– Ах, негодяи! Как я рад, что они ее не накрыли! – сказал Уинтерборн, вылезая из окопа.
– Ну, знаете, – заметил Эванс, – под красным крестом перевозят не только раненых, это хитрость известная.
При свете дня они без труда нашли новую передовую. В окопах на старых немецких указателях были наспех нацарапаны английские надписи, и даже странно показалось, как это они минувшей ночью сбились с дороги. Всюду было полно пехоты: кто стоял на посту, кто примостился, сгорбясь, на краю ступеней, многие лежали в узких и длинных, точно могилы, нишах, вырытых в стенке окопа. Эванс и Уинтерборн разыскали командира, и он провел их к тому месту, где надо было копать новый ход сообщения. Обернувшись, чтобы ответить Эвансу на какой-то вопрос, Уинтерборн сильно стукнул прикладом одного из спящих в нише. Тот не пошевельнулся.
– Крепко спят ваши ребята, – заметил Эванс.
– Да, – устало отозвался офицер, – но он, может быть, не спит, а умер. Санитары выбились из сил, не успевают выносить мертвецов. Тут и спящие и убитые. Надо обходить всех подряд и каждому давать пинка, иначе не отличишь.
Примерное направление нового окопа, который предстояло отрыть, было намечено заранее: он должен был соединить прежнюю передовую немцев с воронкой от мины Конгрива, где пока устроили склад боеприпасов. Грохот разрывающихся снарядов приветствовал их, когда они вышли осмотреть это место.
– Не завидую я вам, не слишком приятно будет тут работать, – сказал пехотный офицер. – Это, пожалуй, самое скверное место на высоте девяносто один. Боши бьют по этому участку день и ночь. Ваш полковник разругался из-за этого с самим бригадным, но наши ребята совсем валятся с ног, не могут они больше копать.
Дружно разорвались еще несколько снарядов – трах, трах-трах-трах. Пополз едкий, вонючий серо-зеленый дым.
– Это будет называться «траншея Нерона», – прибавил офицер на прощанье. – Сами видите, от угля и шлака все черно, как на пожарище. Ну, до свиданья, счастливо! Да смотрите, берегитесь газа.
Работы в траншее Нерона оказались поистине пыткой. Немцы очень точно засекли это место и яростно обстреливали саперов. Стреляли частыми залпами, пять минут тишины были уже долгой передышкой. Эванс с Уинтерборном и Хьюм со своим вестовым без устали обходили саперов, которые тревожно, торопливо работали в темноте, спеша устроить себе хоть неглубокое укрытие. Когда снаряды рвались близко, люди падали наземь, съеживались в комок. При свете первого утра обнаружилось – вместо того чтобы отрывать, как положено, три ярда окопа, каждый попросту копал яму, в которую мог бы забраться сам. В иные ночи огонь был такой неистовый, что Эванс на время отводил людей в старые окопы. Среди саперов были раненые и убитые.

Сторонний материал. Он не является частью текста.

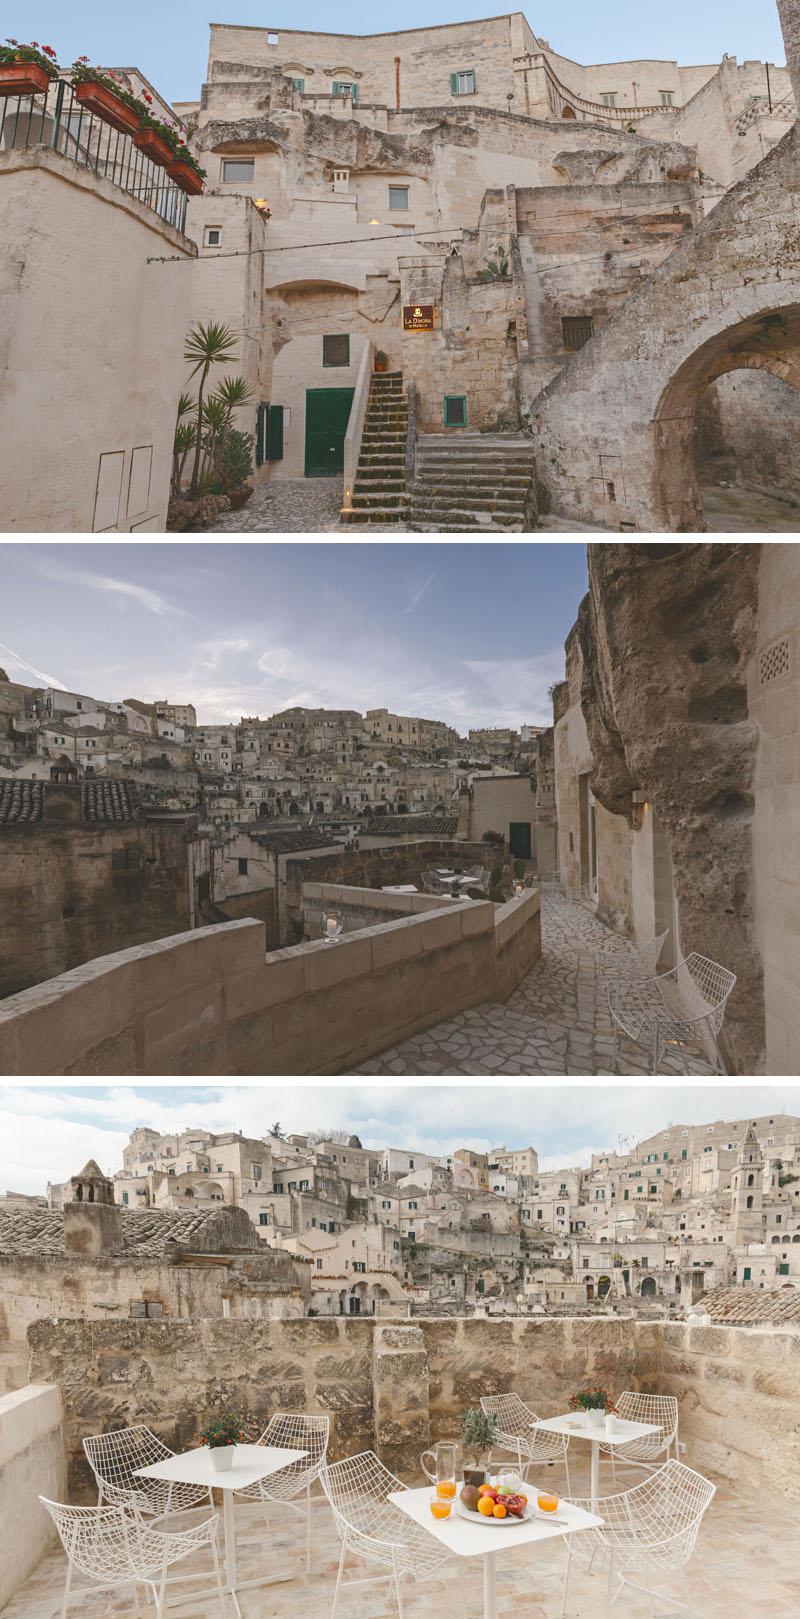 Arquitetos italianos transformam antiga caverna em um oásis moderno 09

А потом немцы начали упорно, методически обстреливать разрушенные деревни близ английской передовой химическими снарядами. Это началось на вторую же ночь работ в траншее Нерона. С высоты 91 саперы заметили, что огонь противника усилился, и на обратном пути, когда проходили через М., снаряды непрерывно свистели над головой. Но, странное дело, разрывов не было слышно.
– Наверно, бьют по тылам, – сказал Эванс. – Может, теперь начальство призадумается и перестанет засыпать нас своими дурацкими бумажонками.
Но, подходя к поселку, они по звуку поняли, что снаряды должны падать очень близко. Скоро они услышали и привычное взз… но за ним, вместо треска и грохота, следовало совсем непривычное глухое пфф…
– Не может быть, чтобы они все просто не разрывались, – сказал Уинтерборн.
Еще один снаряд упал совсем рядом, за бруствером, снова послышалось непонятное глухое шипенье. И тотчас в воздухе странно запахло – как будто свежескошенным сеном, только острее. Эванс и Уинтерборн принюхались и крикнули в один голос:
– Фосген! Газ!
Поспешно, неловкими руками саперы натянули маски и пошли дальше, спотыкаясь, почти ощупью. Эванс и Уинтерборн выбрались на дорогу и подошли к поселку. Химические снаряды градом сыпались на поселок, на их жилища – вззз, вззз, взз, взз, пфф-пфф-пфф-пфф. На мгновенье оба сняли маски – в воздухе стоял едкий запах фосгена.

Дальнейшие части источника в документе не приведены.